Josh's Top 5 Most Influential Movies
Movies have always played a huge part of my life. Recently I've come to realize that virtually every interest I have in my life was born of a movie I'd seen. A number of them, to be expected, were incredibly influential. I think virtually everyone I know who wants to work in film feels the same. For example, there was that Movie Challenge on Facebook a while back, remember? Virtually every single person with whom I went to grad school participated in the challenge and took it very seriously. And rightly so! A person's favorite/most inspiring movies can tell you quite a bit about them. It's something I could talk about until i died of thirst, but here are 5 of the films that were most important to me.
“Dogma”
When I was in Jr. High School, there was a 2 week period in which my buddies and I became obsessed with the movie Dogma (a screwball comedy by Kevin Smith about Christian mythology, organized religion and the nature of God). My friends lost interest quickly. I didn't. The movie caused a snowball of questions that just kept rolling. I have a philosophy degree with a minor in religion because I saw a Jay & Silent Bob movie when I was 14.
“The Big Lebowski”
When I was a freshman in college, I took a gen-ed cinema studies class from someone who would ultimately become one of my favorite professors (I wound up taking multiple cinema studies classes from him). One day he screened The Big Lebowski and I had a pseudo-religious experience. It was the first time in my life I watched a movie and saw the intentionality behind it. It was like seeing the code behind the Matrix. I witnessed how the acting, writing, music, costumes, blocking and cinematography all worked together in harmony to create a masterpiece.
“Unforgiven”
My dad raised me on John Ford westerns. I probably saw Clint Eastwood's “Unforgiven” for the first time when I was ten. It was always one of my favorite movies. It was also one of the first DVDs I ever bought. After I saw “The Big Lebowski,” I watched “Unforgiven” for the millionth time soon after, and it was if it were the first time. The direction, referring to his shot selection and blocking, is so simple and so textbook. It was the first time I noticed how a director used shot selection and editing to address the emotional beats of a scene and use cinematic language to write the story.
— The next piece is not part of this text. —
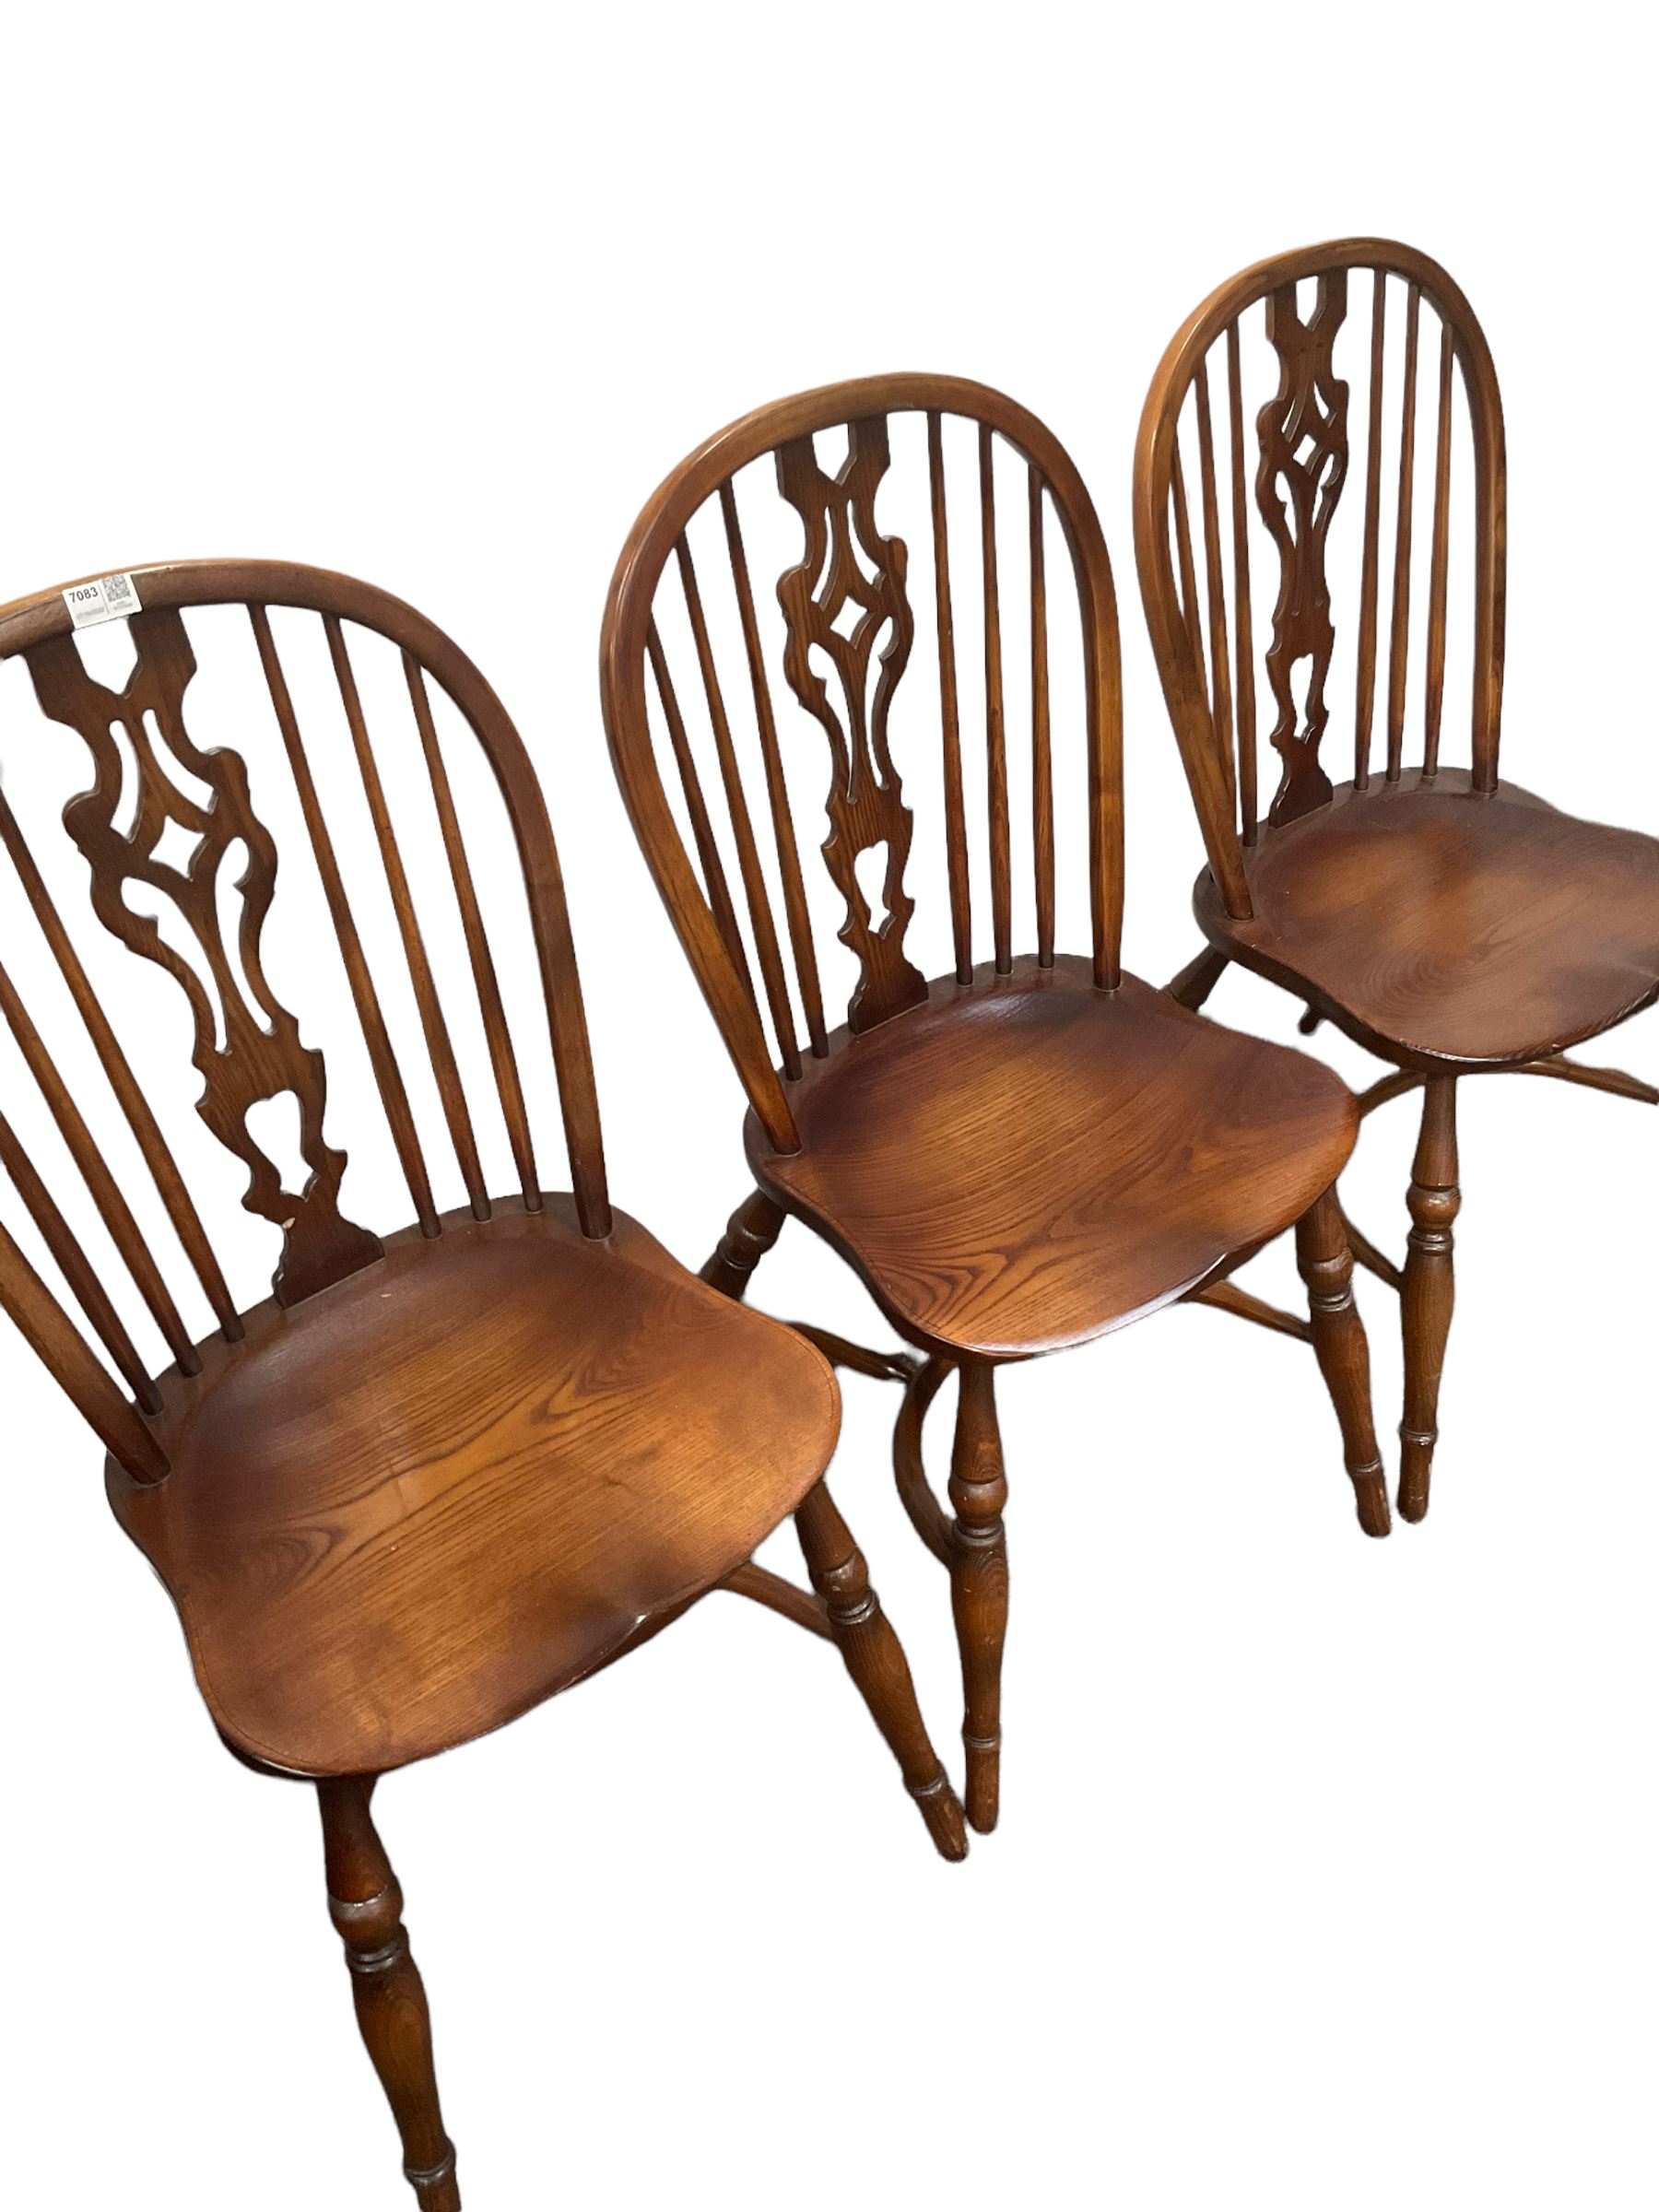 Set three dining chairs - Image 3 of 4

“The Cabinet of Dr. Caligari”
When I was a senior in high school, as part of my senioritis, I took a film class in my final semester. It wasn't the best class. My teacher pronounced noir as 'noyay.' But we watched the “Cabinet of Dr. Caligari,” a silent film from 1920s Germany, the posterchild of German Expressionism. It's dark and creepy, and typical of expressionistic films, it's filled with pools of shadow and cartoonishly gothic art design. In the film, I saw the origin story of the conventions of noir, my favorite genre of film, and gothic horror/sciencei fictions films like “The Crow” and “Dark City.” There is something eerily elemental about this type of art and lighting design, which is why filmmakers turn to it over and over again.
“Le Corbeau” (The Raven)
“Le Corbeau” is a a 1943 French film directed by Henri-Georges Clouzot. It was an occupation film, produced by the German company Continental Films and was banned in France until 1969. The film is a dark tale about a bucolic town in which a 'poison pen letter' campaign causes all the rural townfolk to turn on each other out of paranoia and fear. The French saw the film as a vilification of the French people pushed by the Nazis; more recent perspectives tend to see it as a subversive take on the effect of a facist regime on the psyche of a nation's people. It's a master class in subtext, subversion, writing, acting and cinematography. In my opinion, it’s one of the best films ever made. Incidentally, the film is also responsible for equating crows with informers, see both Bran and Varys in Game of Thrones.